Saturday, November 14, 2009

Is Global Warming Killing Turtles?


"Turtles Are Casualties of Warming in Costa Rica" is the title of a recent New York Times article.

Reporters and environmentalists and climate-change-deniers all like to cherry-pick evidence to support their article or point of view. Hotter than average summer? Must be global warming! Cooler than average summer? Global warming must be bunk! Leatherback turtles dying? Global Warming! Atlantic turtles thriving? See! Not Global Warming!

They're all wrong, of course. Nature is usually complicated and messy.
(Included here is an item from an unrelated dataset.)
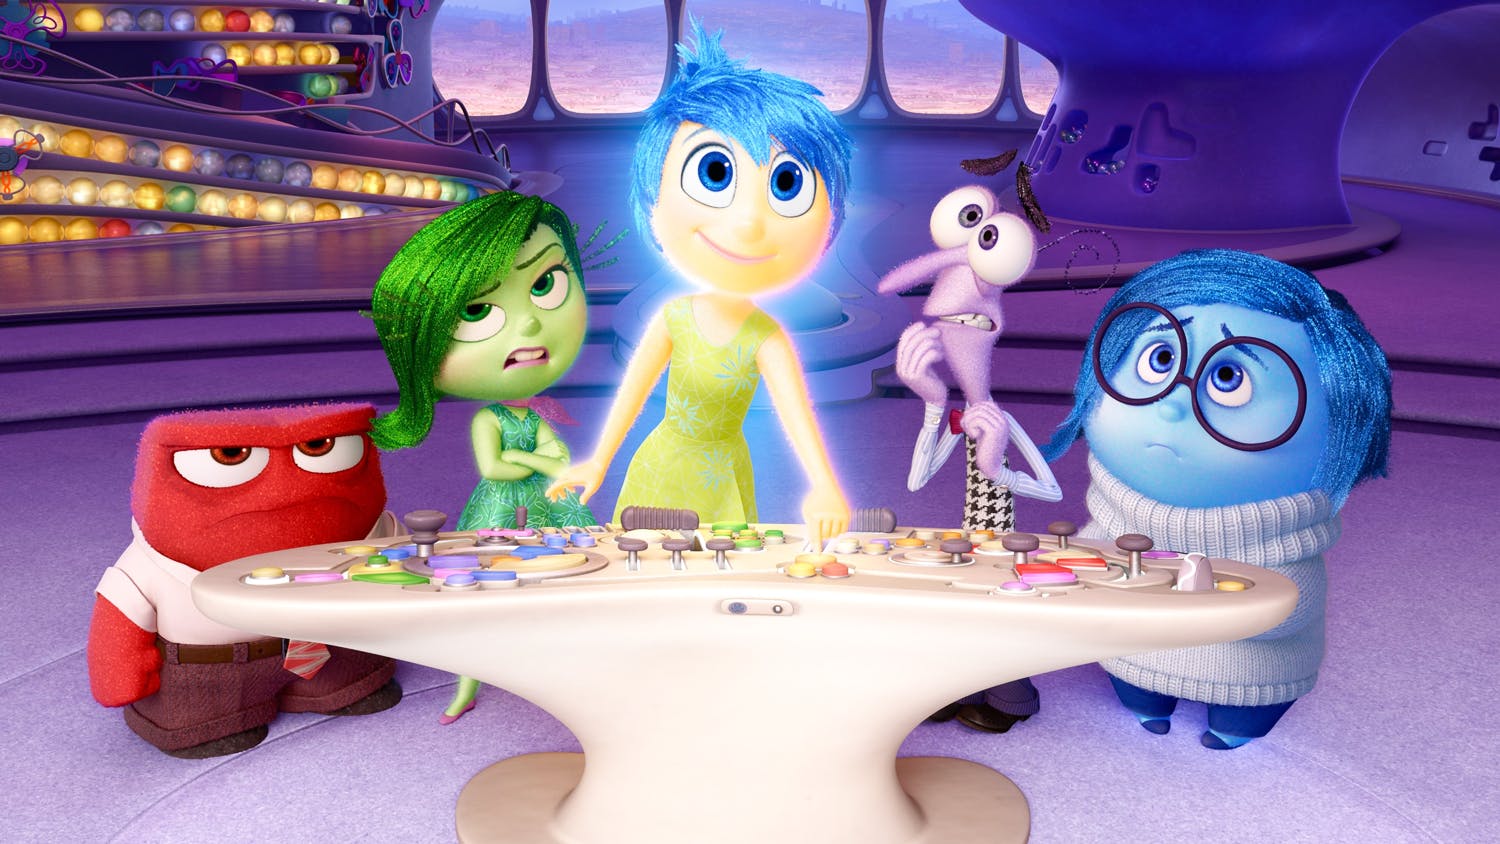 The 50 Best Animated Movies Movies Empire pic

Anyway, back to the turtles: as usual, the headline is more sensationalistic than the article. The article says:
...haphazard development, in tandem with warmer temperatures and rising seas that many scientists link to global warming, have vastly diminished the Pacific turtle population.
I agree that the headline "Turtles Are Casualties of Development and Maybe Warming" isn't as catchy. The article goes on to talk about how turtle nesting habitat is being destroyed by hotels and increasing population and how people used to freely dig up the nests and eat the eggs (and still do, illegally).

Maybe my contrarian-bias is shining through, but a little research into how global warming will affect leatherback turtle habitat made me more optimistic about the turtles' chances:
We used long-term satellite telemetry to define the habitat utilization of this species. We show that the northerly distribution limit of this species can essentially be encapsulated by the position of the 15°C isotherm and that the summer position of this isotherm has moved north by 330 km in the North Atlantic in the last 17 years. Consequently, conservation measures will need to operate over ever-widening areas to accommodate this range extension.
-- Thermal niche, large-scale movements and implications of climate change for a critically endangered marine vertebrate
It seems like the authors of this paper are taking a very positive piece of news (that global warming is expanding the range of an endangered sea turtle) and putting a negative spin on it (conservation efforts will have to be spread out over a larger area).

They probably didn't want the Wall Street Journal to run an article with the headline "Turtles Benefit from Global Warming."

1 comment:

Anonymous said...

Yes, you do have "contrarian bias" and I applaud your candor for recognizing that it's a bias.

I think that it's also known by the word "perversity".